Digital Literacies

Doctoral colloquium on digital literacies (University of Nicosia, Cyprus)

I’m back from the internship working with CARDET in Cyprus. And whilst doing bits and pieces for them, I also managed to enjoy some parts of the magnificent island. One of the things I did whilst there was a session on Digital Literacies, see Prezi below:

Also available here: http://prezi.com/jald23bkf19i/doctoral-colloquium-on-digital-literacies-university-of-nicosia-november-7-2013/

The session looked at two readings, and used them explore some current trends in digital literacy theory, and to talk about some future directions. The readings were:
Chapter 2, Lankshear & Knobel (2011) New Literacies Everyday Practices and Social Learning, New York: Open University Press.

Gee, JP (2012) The Old and the New in the New Digital Literacies, The Educational Forum, 76(4)

Among the things we talked about were the constructs of ‘events’ and ‘practices’ as employed in the field of ‘Literacy Studies’, what these mean, and how they are operationalised in research especially research into digital literacies.

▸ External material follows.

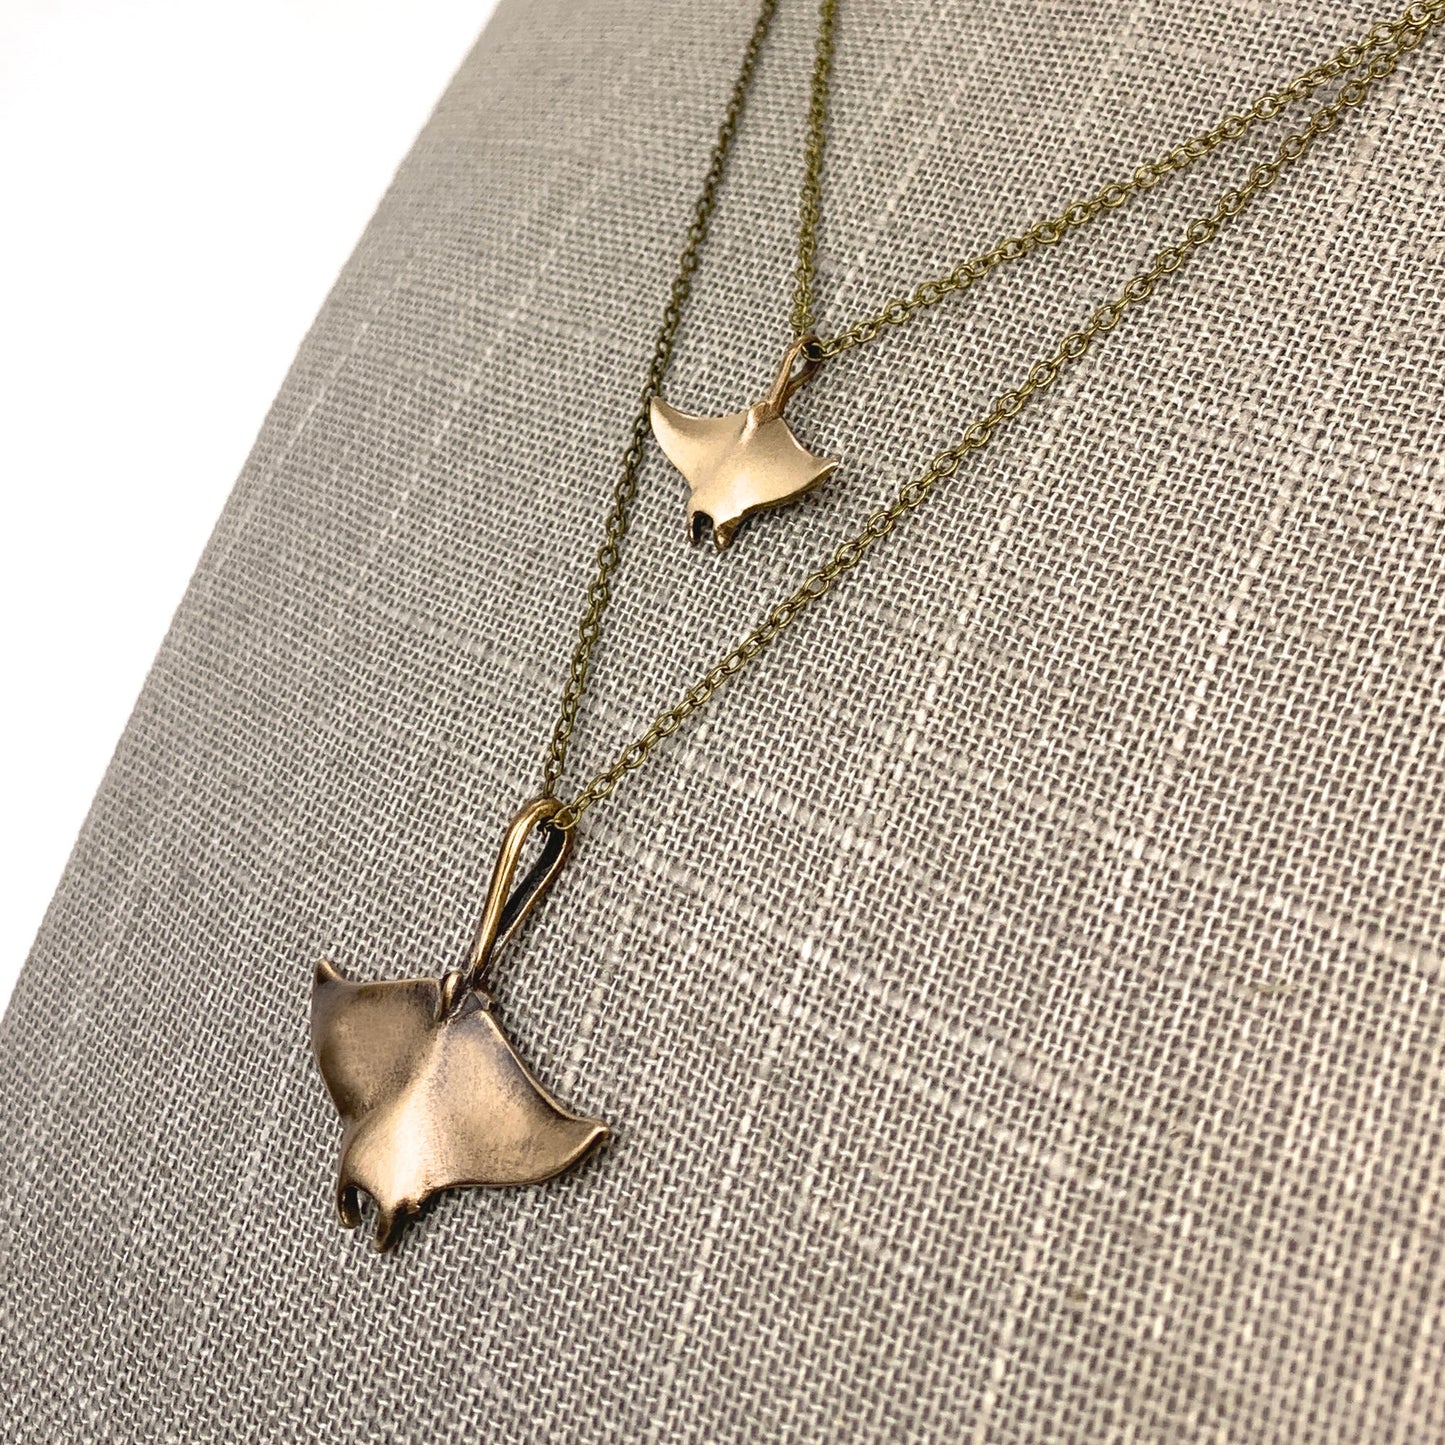 Boho Manta Ray Necklace for Women- Bronze Beachy Boho Necklace, Layered Manta Ray Necklace, Sea Life Gifts, Bronze Stingray, Brown Manta Ray Necklace - The Tool Store

According to Street (1993) “ ‘literacy practices’ incorporate not only ‘literacy events’, as empirical occasions to which literacy is integral, but also ‘folk models’ of those events and the ideological preconceptions that underpin them” (pp. 12-13). Barton et al (2000) echo this view by defining literacy as “best understood as a set of practices; these are observable in events which are mediated by written texts”.

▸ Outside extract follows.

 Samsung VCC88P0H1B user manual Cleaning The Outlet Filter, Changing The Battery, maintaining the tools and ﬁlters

Events remain observable, but practices have empirical and abstract components, with the latter usually obtainable – or inferable – from rich ethnographic accounts of the who, what, why, and how of literacy. This does, of course, depend on where one goes to get the notion of ‘practice’ from. Practice as “a combination of action and reflection” (Baynham and Prinsloo, 2009: p.5) owes its origins, via the work of Bourdieu, to Karl Marx’s these on Feuerbach:

“The principal defect of all materialism up to now — including that of Feuerbach — is that the external object, reality, the sensible world is grasped only in the form of an object or an intuition; but not as concrete human activity, as practice, in a subjective way. (Marx’s Theses on Feuerbach in epigraph to Bourdieu’s ‘Outline of a Theory of Practice’ (1977: p.vi))

For Scollon, practice relates to a more empirical type of “mediated action with a history” (Scollon 2001: 66).

What of digital literacy practices, and digital literacy events? What of the scope of ‘events’ and ‘practices’, and their relationship to each other? Their interconnectedness?

In terms of digital literacy events for my research (see Bhatt and de Roock, forthcoming), drawing from Lankshear and Knobel, I see them as observable situations around the creation of digital texts (or in which that text is central) and where meanings are “mediated by texts that are produced, received, distributed, exchanged, etc., via digital codification” (Lankshear and Knobel 2008, 5), and in another part of the same volume “digital enculturation”. In today’s digitally-permeated environments such ‘digital literacy events’ are everywhere, interwoven with ‘digital literacy practices’ which are highlighted often by the rituals and relationships involved; practices and events then are all the way down, like Leibniz’s ponds and fish analogy

Barton, D., Hamilton, M. and Ivanic, R. (2000) Situated literacies: reading and writing in
context. Abingdon, Routledge.

Baynham, M. & Prinsloo, M. (2009). Introduction. In: Baynham, M. &  Prinsloo, M. (Eds.) The future of literacy studies (pp. 1-20). Basingstoke: Palgrave Macmillan.

Bhatt, I. and de Roock, R. (forthcoming). Capturing the Sociomateriality of Digital Literacy Events, Research in Learning Technology.

Bourdieu, P. (1977). Outline of a theory of practice. (Esquisse d’une théorie de la pratique). Transl. by Richard Nice. (Repr.). Cambridge: Cambridge University Press.

Scollon, R. (2001) Mediated Discourse: the Nexus of Practice. London: Routledge

Street, B. (1993). Cross-cultural approaches to literacy. Cambridge: Cambridge University Press.